In one embodiment, the loss calculation module is further to:
Calculating a loss difference value between the current separator model loss and the last calculated historical separator model loss;
and when the loss difference value is not higher than the preset difference value, determining that the separator model finishes the countermeasure training.
It should be noted that, in the signal extraction apparatus provided in the foregoing embodiment, when the signal extraction method is executed, only the division of the foregoing functional modules is used as an example, in practical application, the foregoing functional allocation may be performed by different functional modules according to needs, that is, the internal structure of the device is divided into different functional modules, so as to complete all or part of the functions described above. In addition, the signal extraction device and the signal extraction method provided in the foregoing embodiments belong to the same concept, and the implementation principle and the technical effects to be achieved may refer to the method embodiments, which are not described herein.

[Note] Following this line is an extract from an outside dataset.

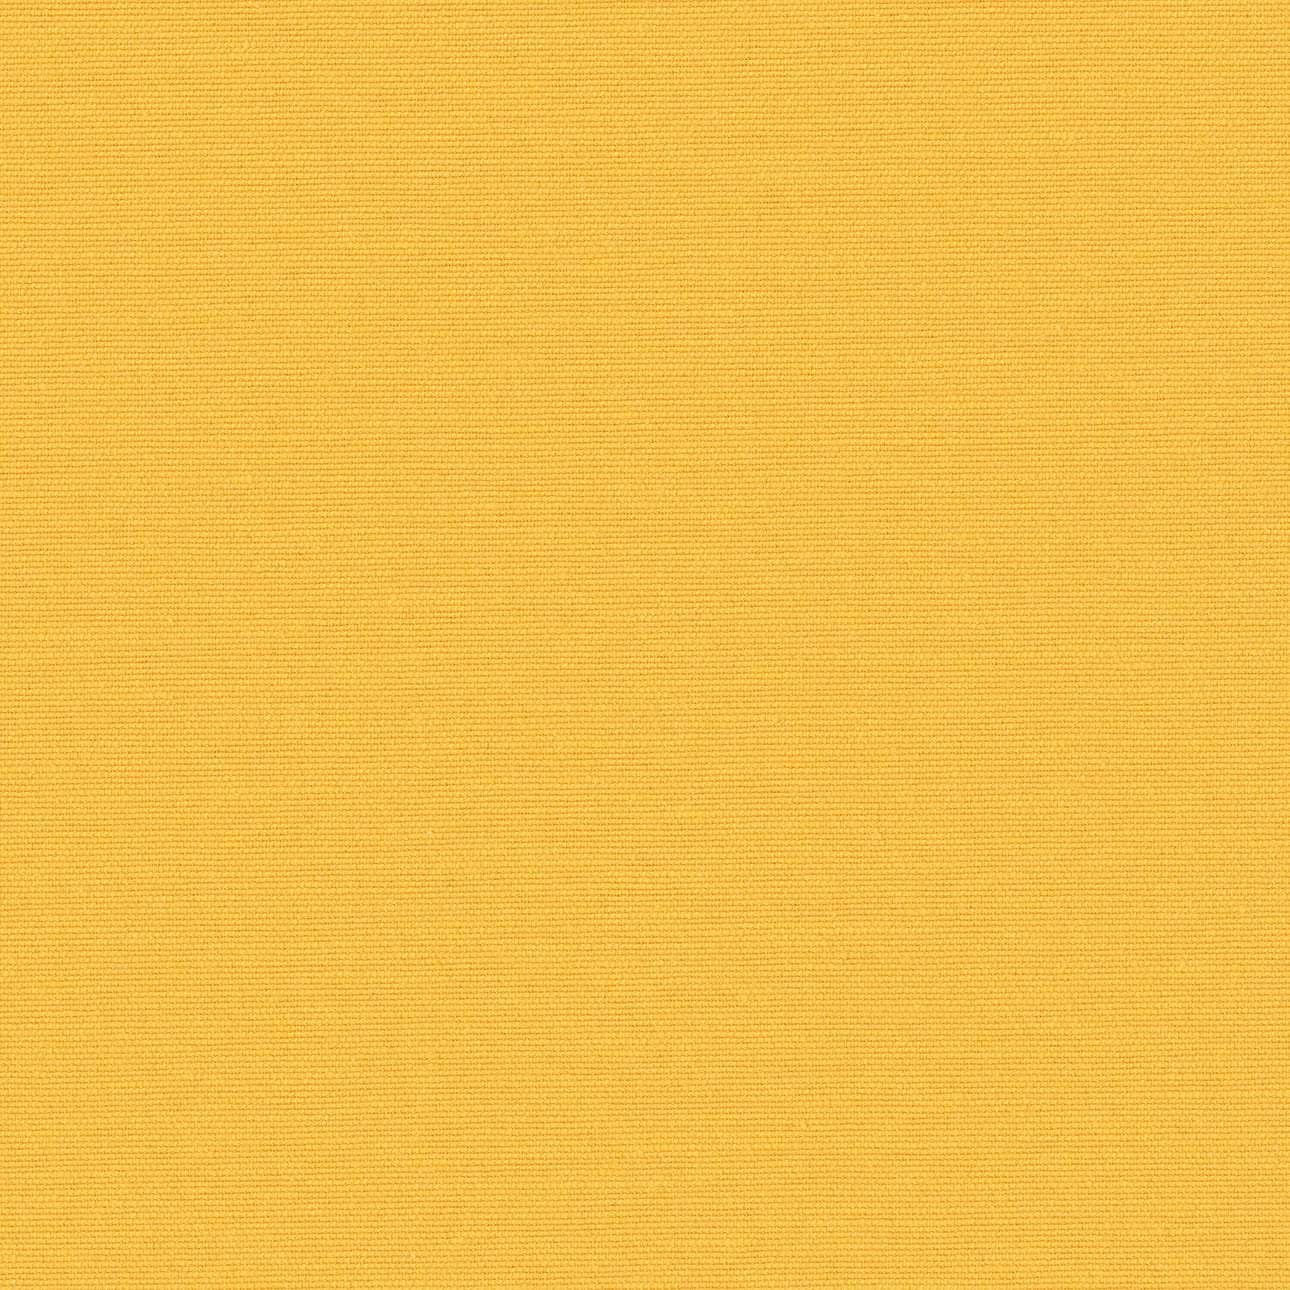 Loneta 133-40 w kolekcji Loneta, tkanina: 133-40
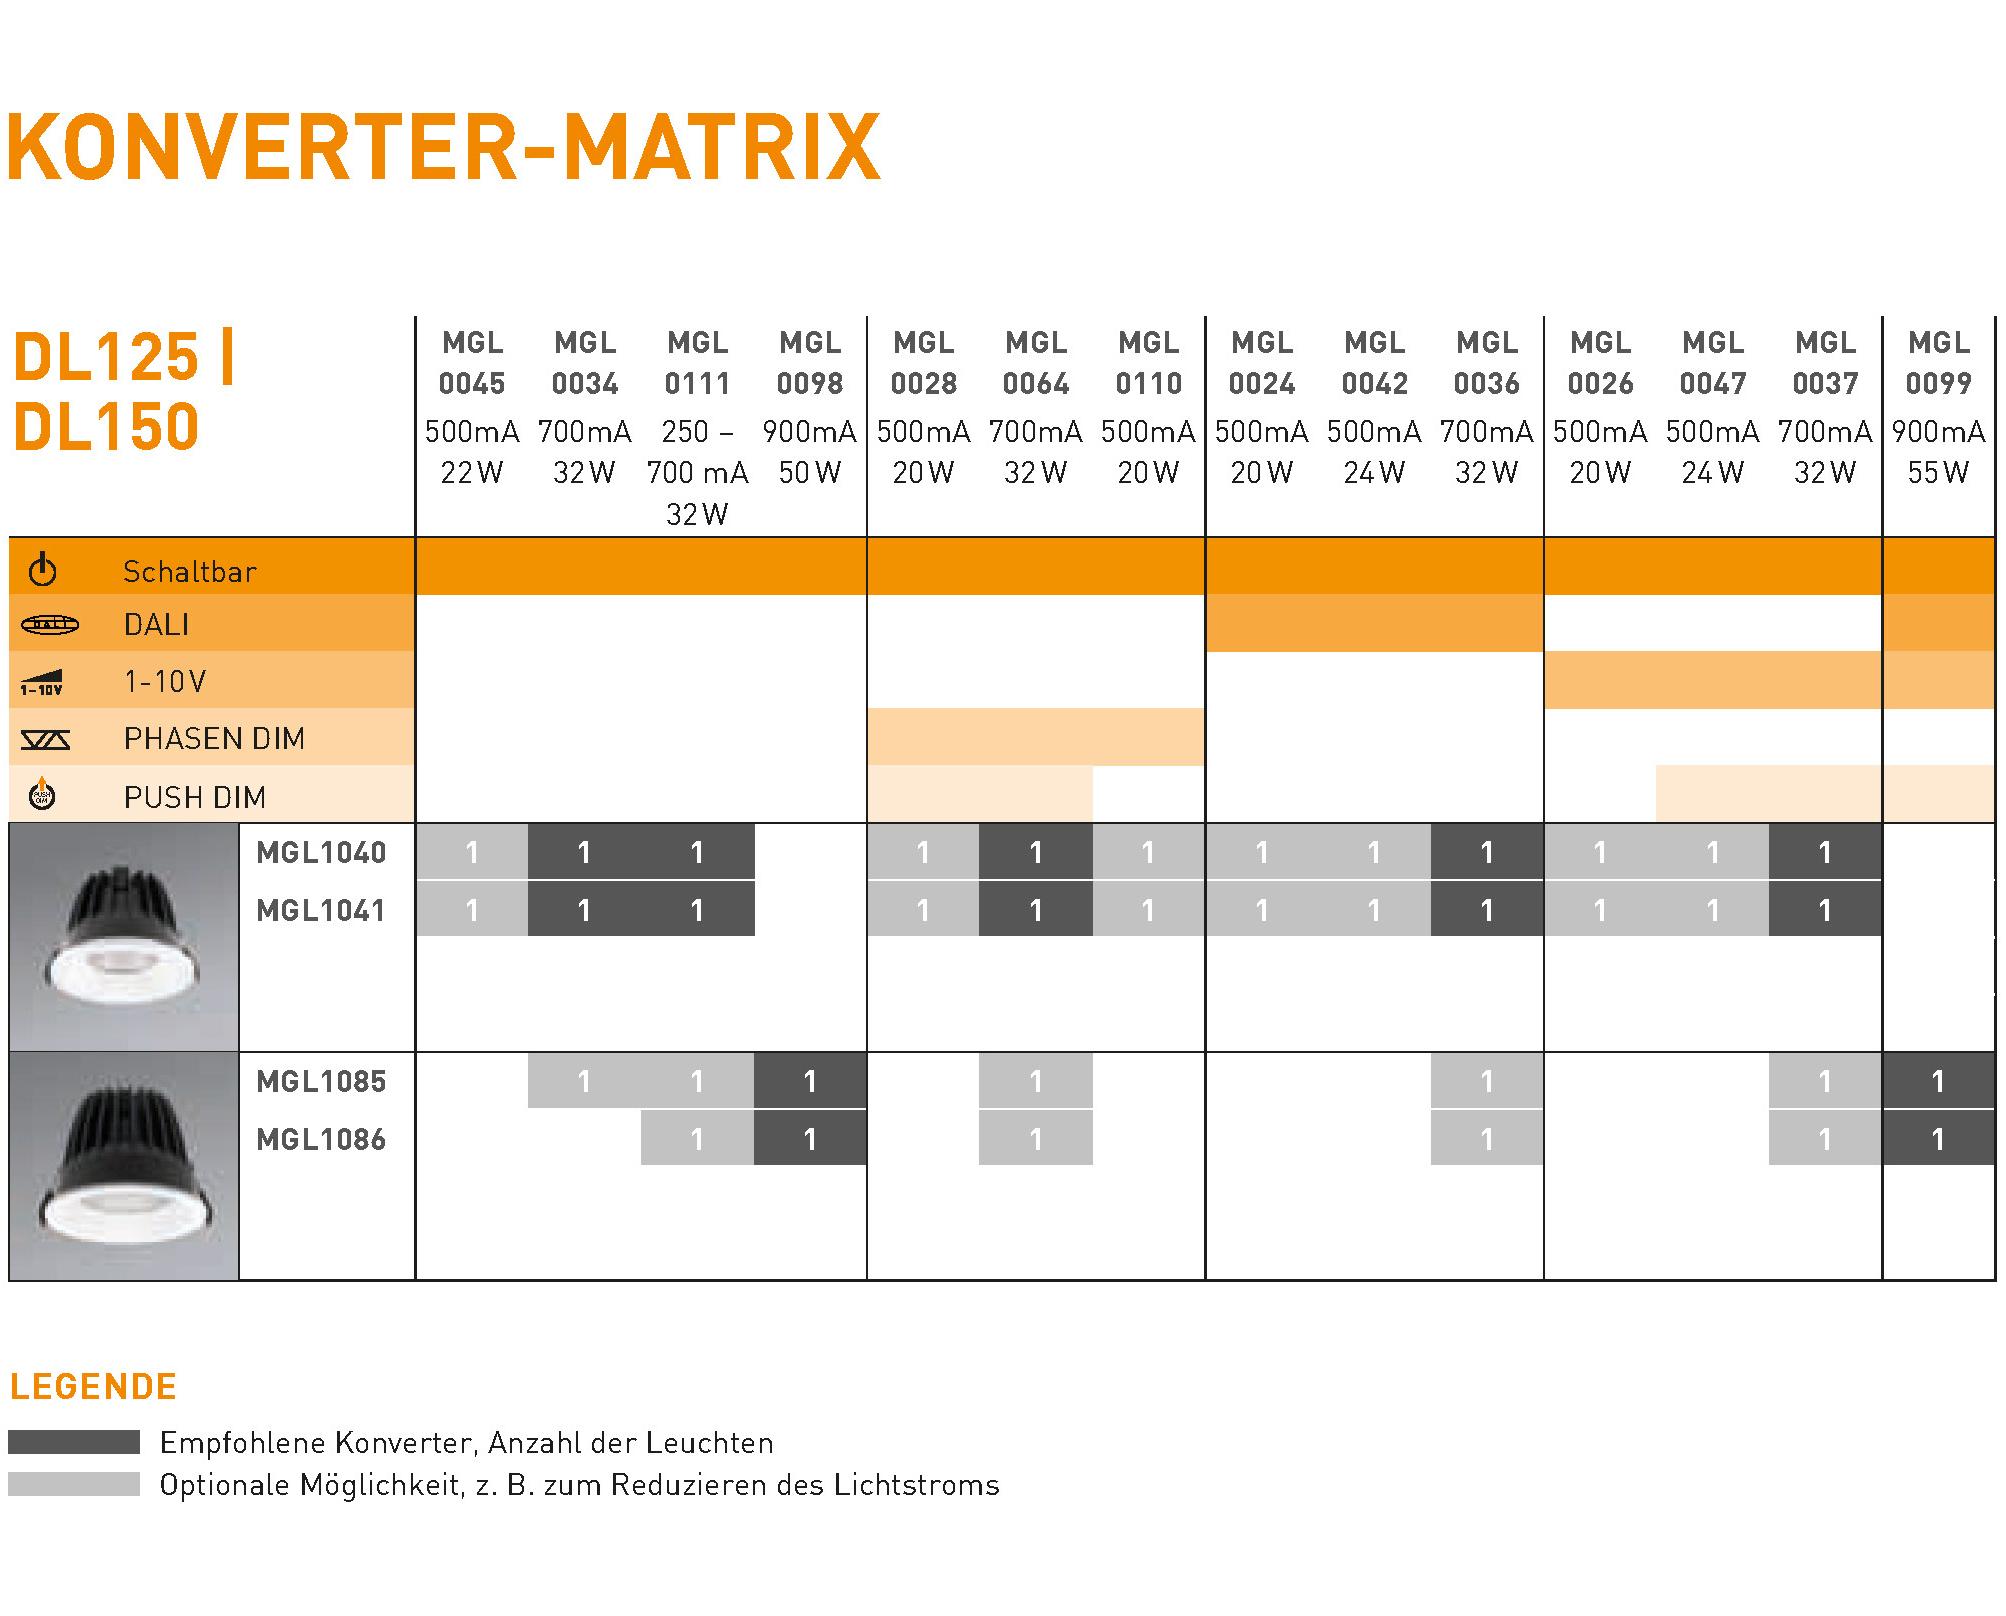 DL125 150 Konvertermatrix

Based on the same technical concept, the embodiment of the application also provides an electronic device, referring to fig. 6, which comprises a processor and a memory, wherein the memory stores a computer program, and the computer program is suitable for being loaded by the processor and executing the signal extraction method according to any one of the embodiments. The implementation principle of the electronic device for signal extraction and the technical effects to be achieved can refer to the method embodiment, and the application is not described herein.
From the above description of the embodiments, it will be apparent to those skilled in the art that the embodiments may be implemented by means of software plus necessary general hardware platforms, or may be implemented by hardware. Based on such understanding, the above technical solution may be embodied essentially or in a part contributing to the prior art in the form of a software product, and the software product of the method for extracting the human voice and accompaniment may be stored in a computer readable storage medium, such as a ROM/RAM, a magnetic disk, an optical disk, etc., including storing several instructions for causing an electronic device to perform the method for extracting the human voice and accompaniment described in the various embodiments or some parts of the embodiments.
The foregoing description of the preferred embodiments of the application is not intended to limit the application to the precise form disclosed, and any such modifications, equivalents, and alternatives falling within the spirit and scope of the application are intended to be included within the scope of the application.